▸ AIM OF THE TASK: Would you write out the full listing exactly, without any pictures?

▸ RECORDED DATA:
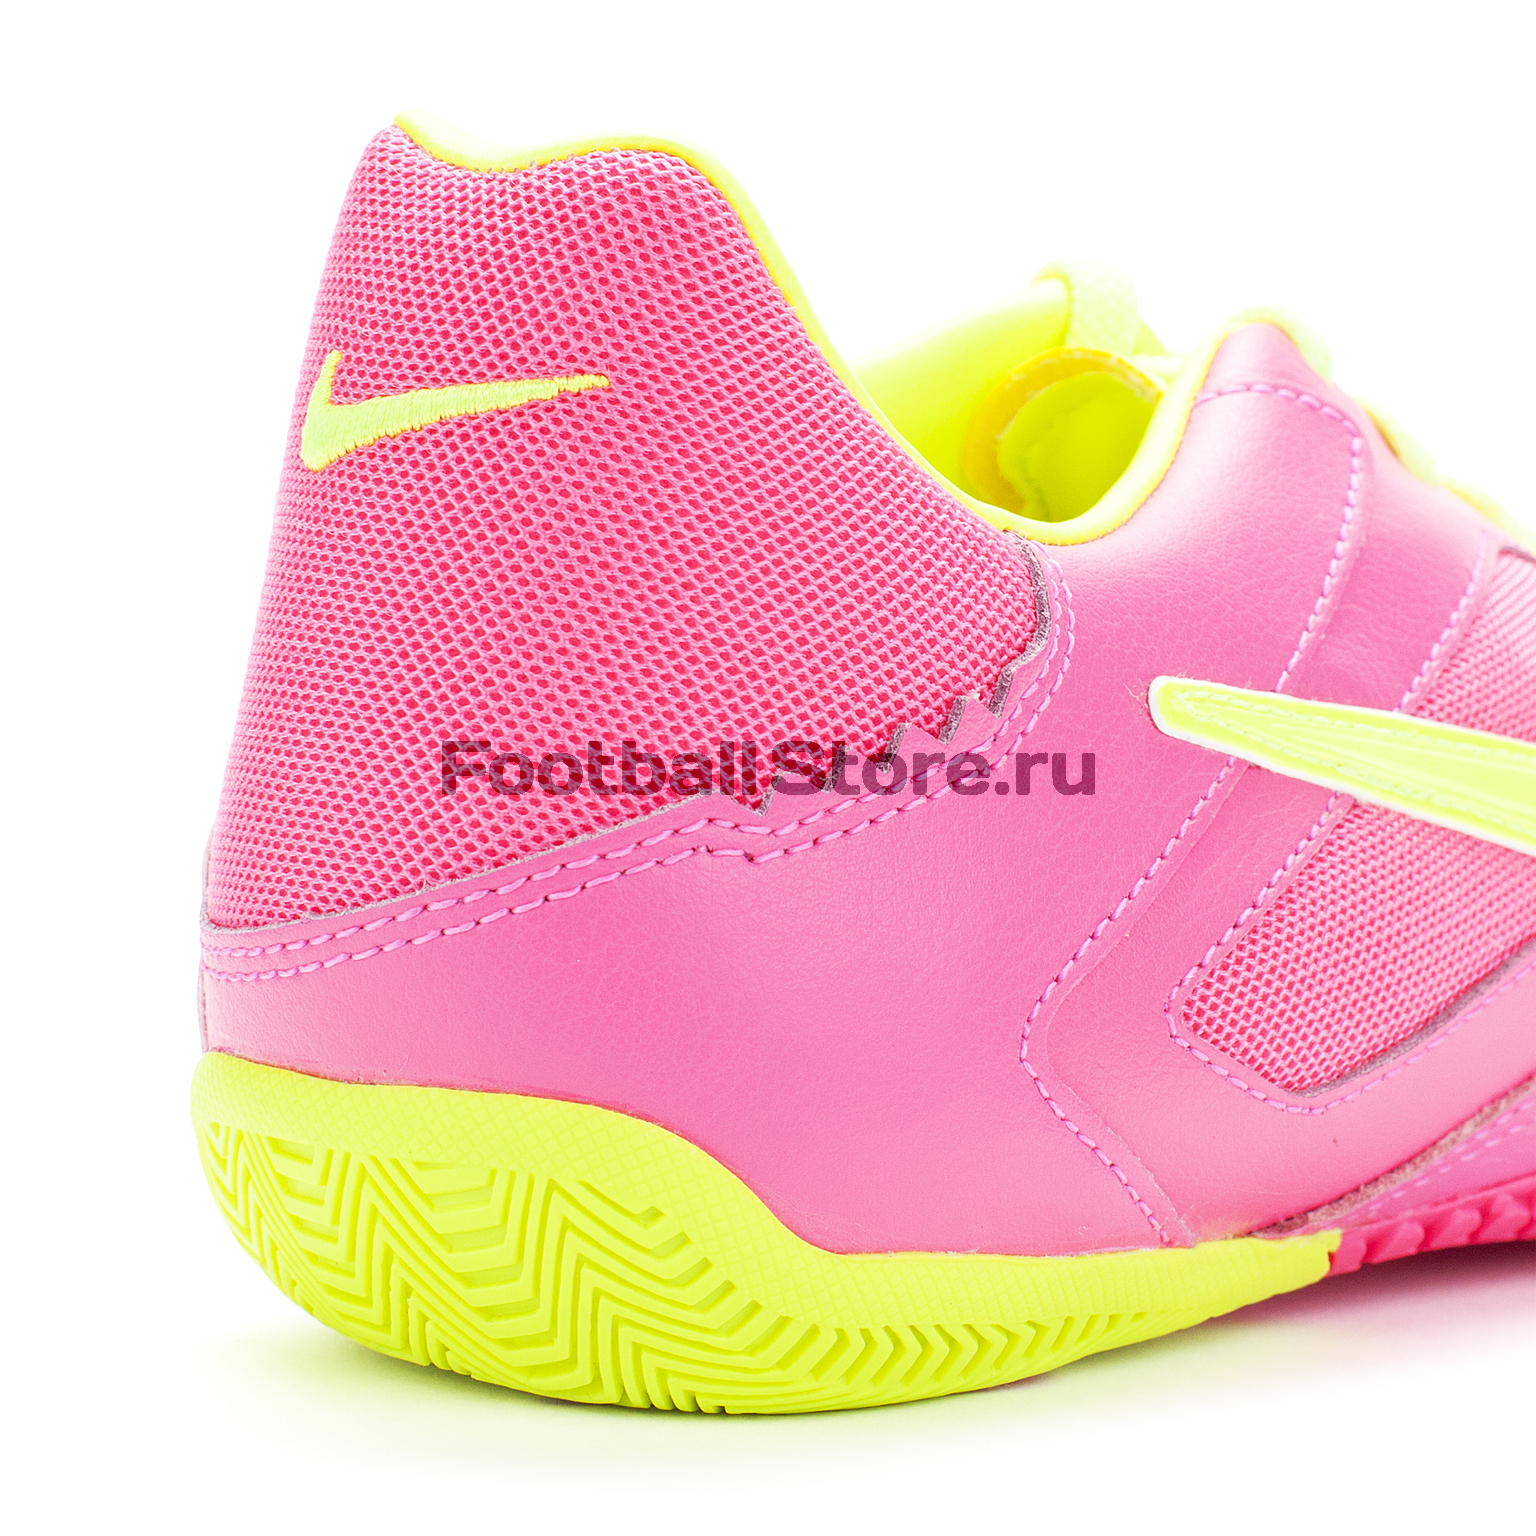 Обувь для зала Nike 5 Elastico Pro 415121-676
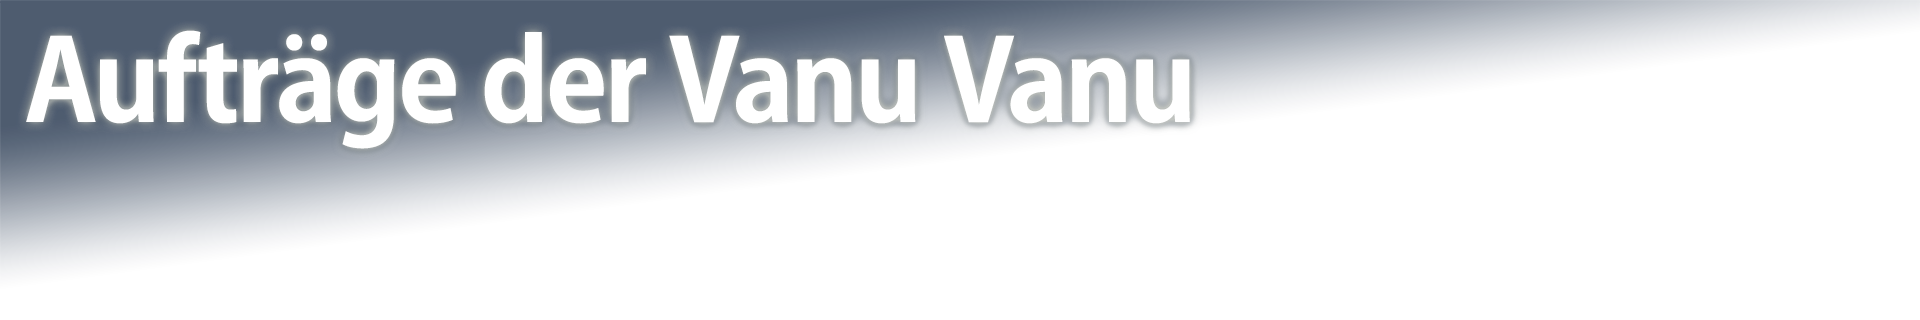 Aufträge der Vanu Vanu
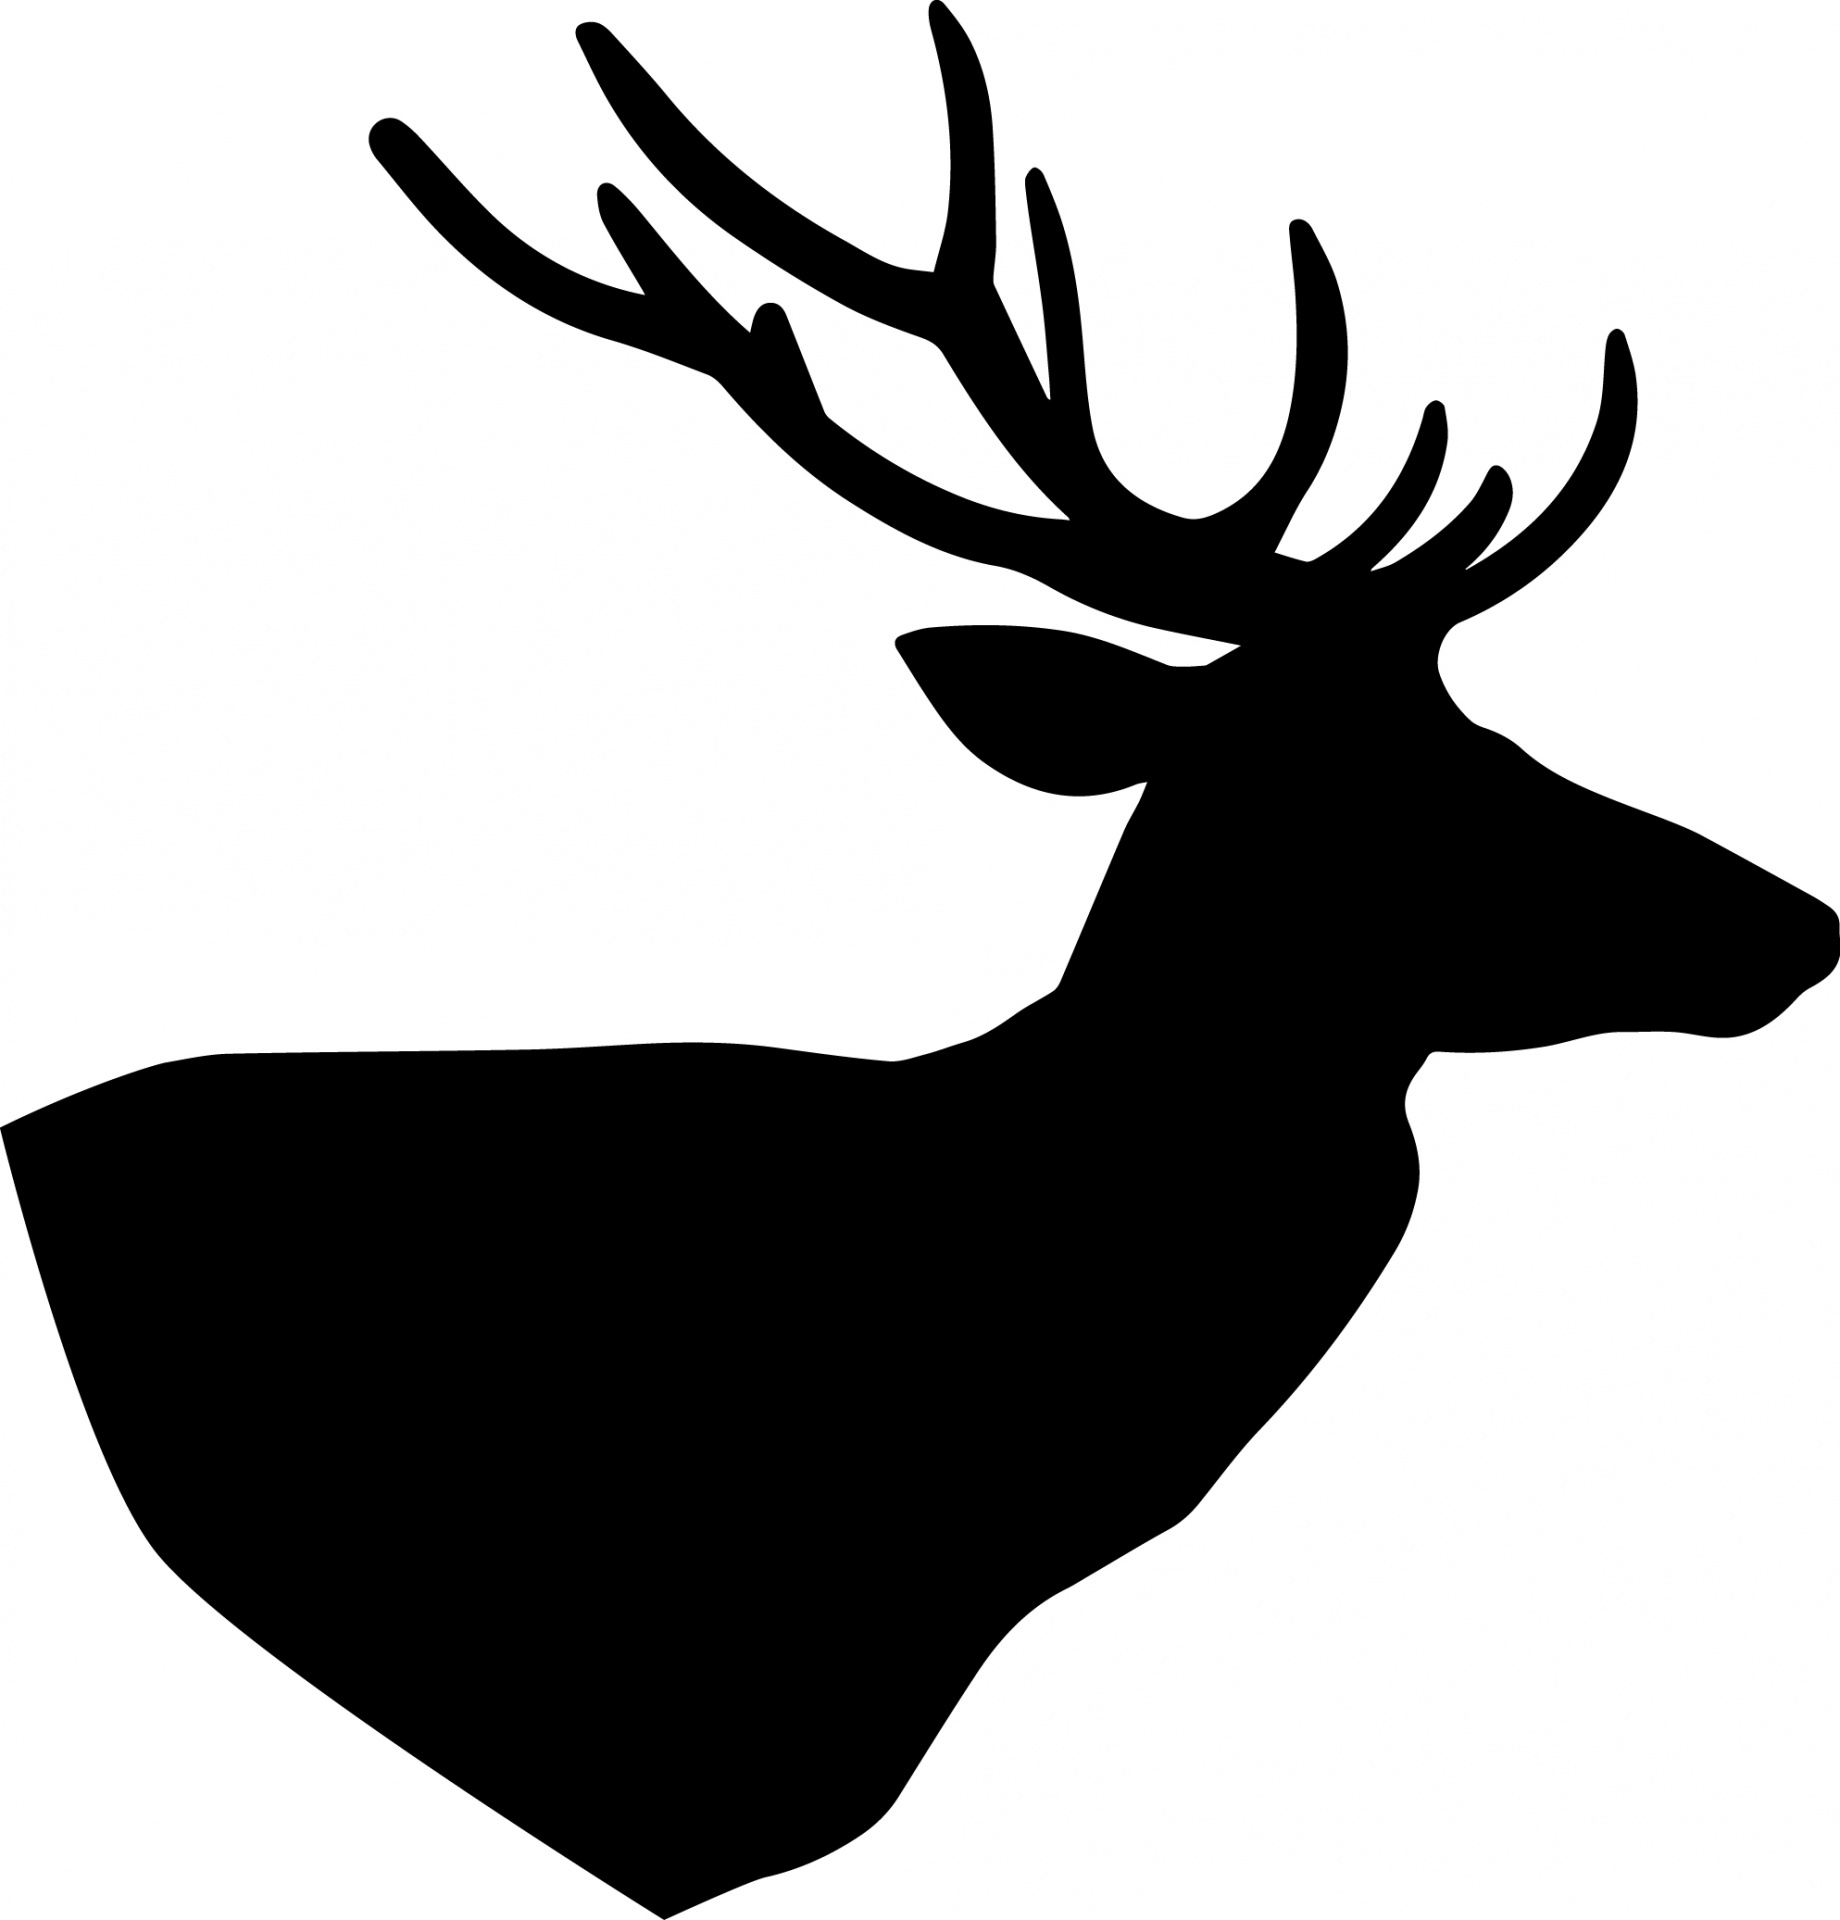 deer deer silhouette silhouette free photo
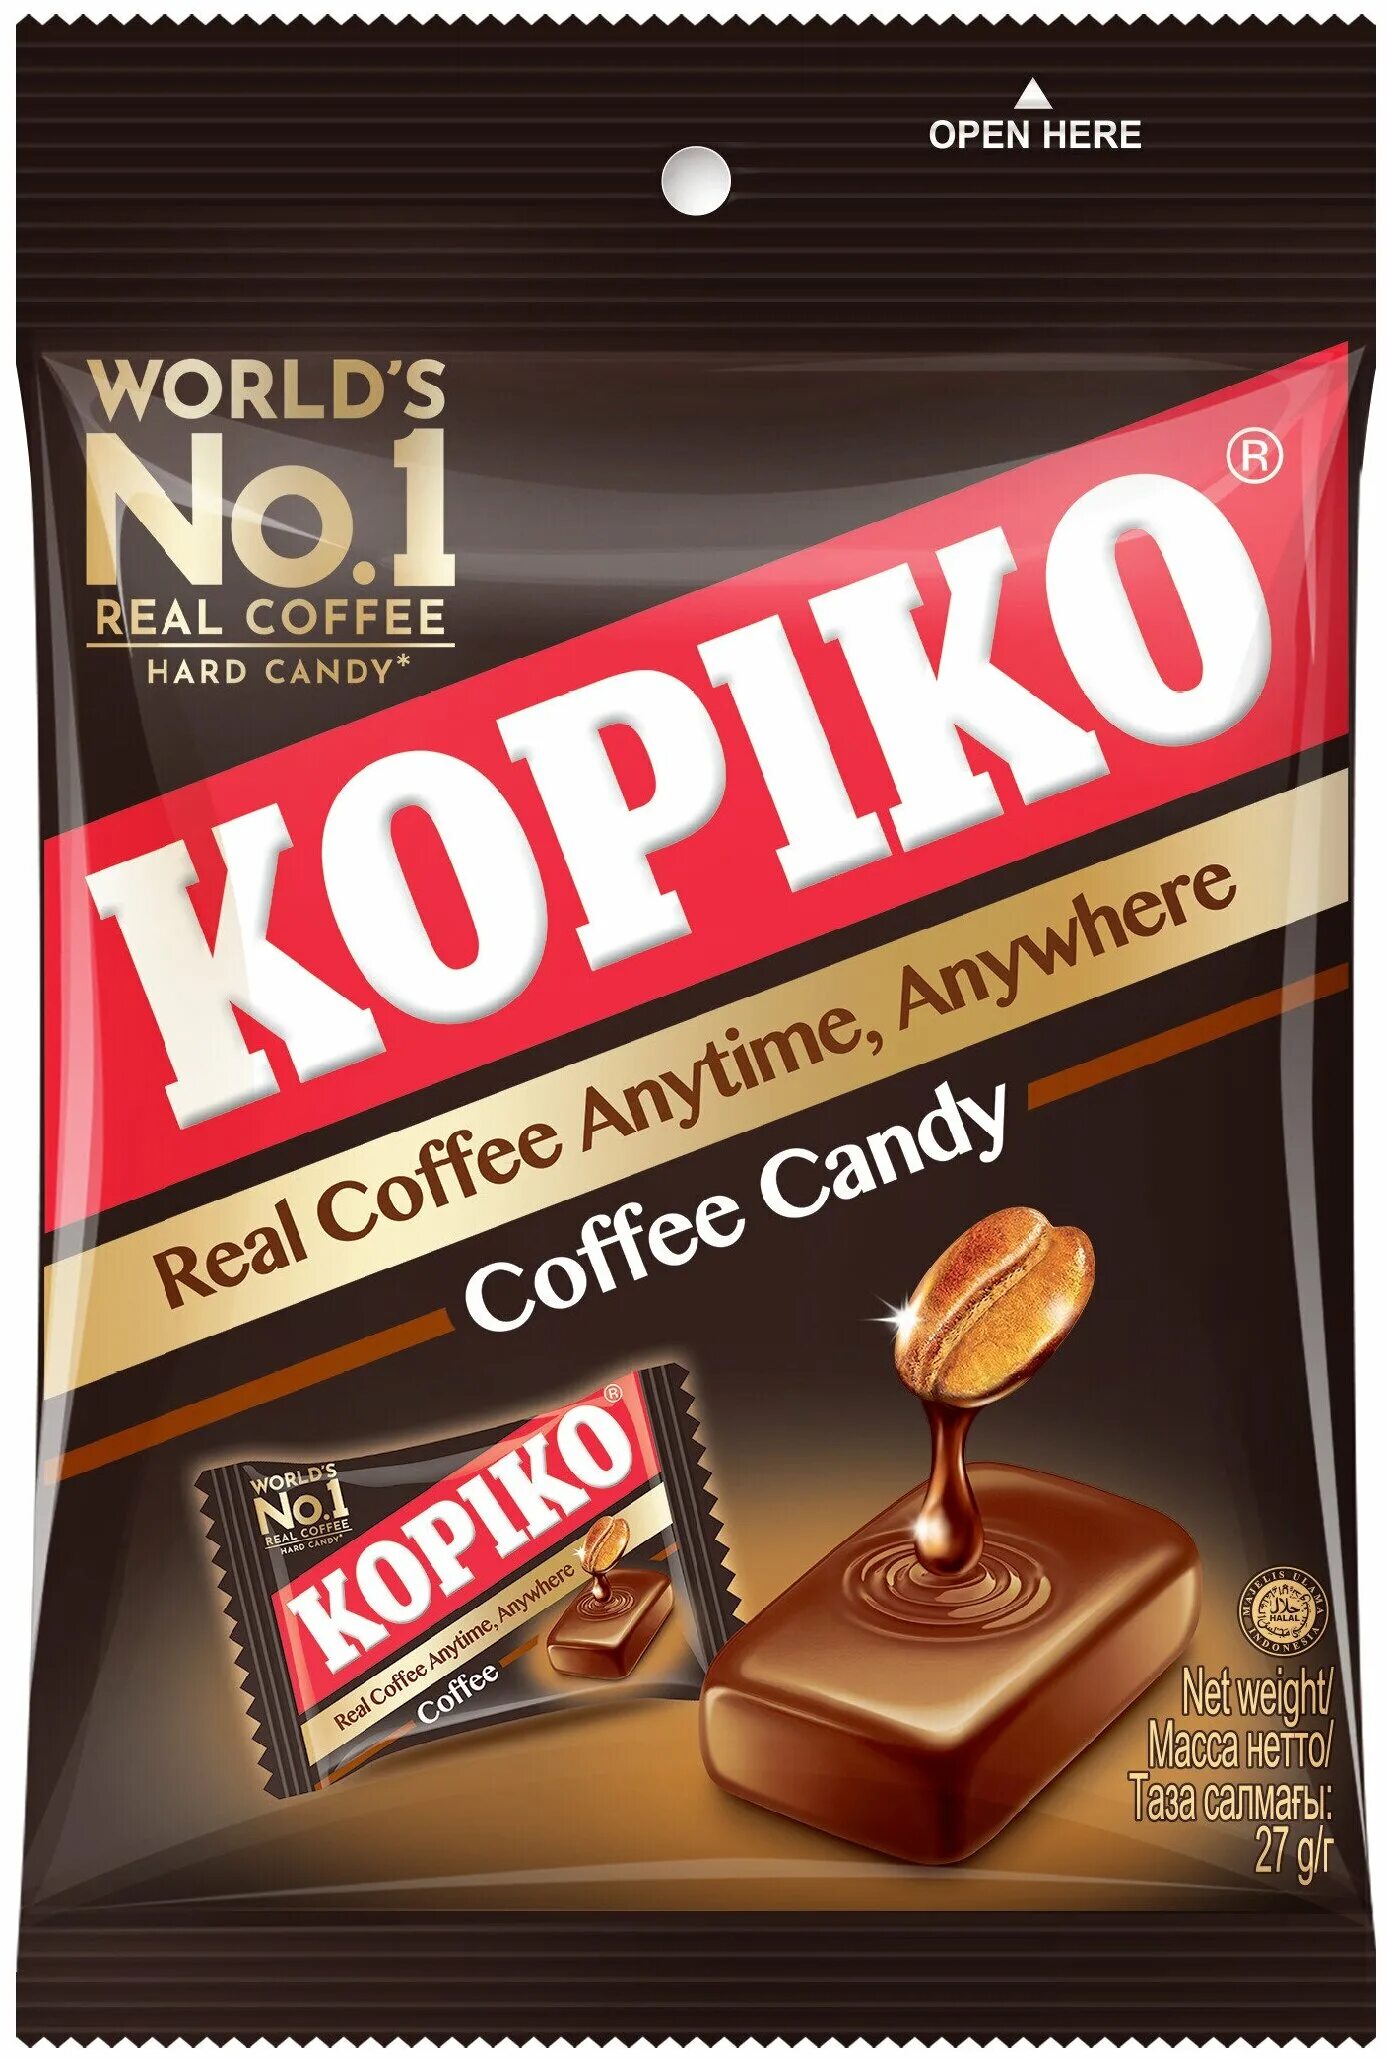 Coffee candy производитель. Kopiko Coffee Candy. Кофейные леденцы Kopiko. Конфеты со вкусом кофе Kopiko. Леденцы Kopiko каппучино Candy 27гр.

▸ OUTPUT FOR THIS TASK:
 Обувь для зала Nike 5 Elastico Pro 415121-676
 Aufträge der Vanu Vanu
 deer deer silhouette silhouette free photo
 Coffee candy производитель. Kopiko Coffee Candy. Кофейные леденцы Kopiko. Конфеты со вкусом кофе Kopiko. Леденцы Kopiko каппучино Candy 27гр.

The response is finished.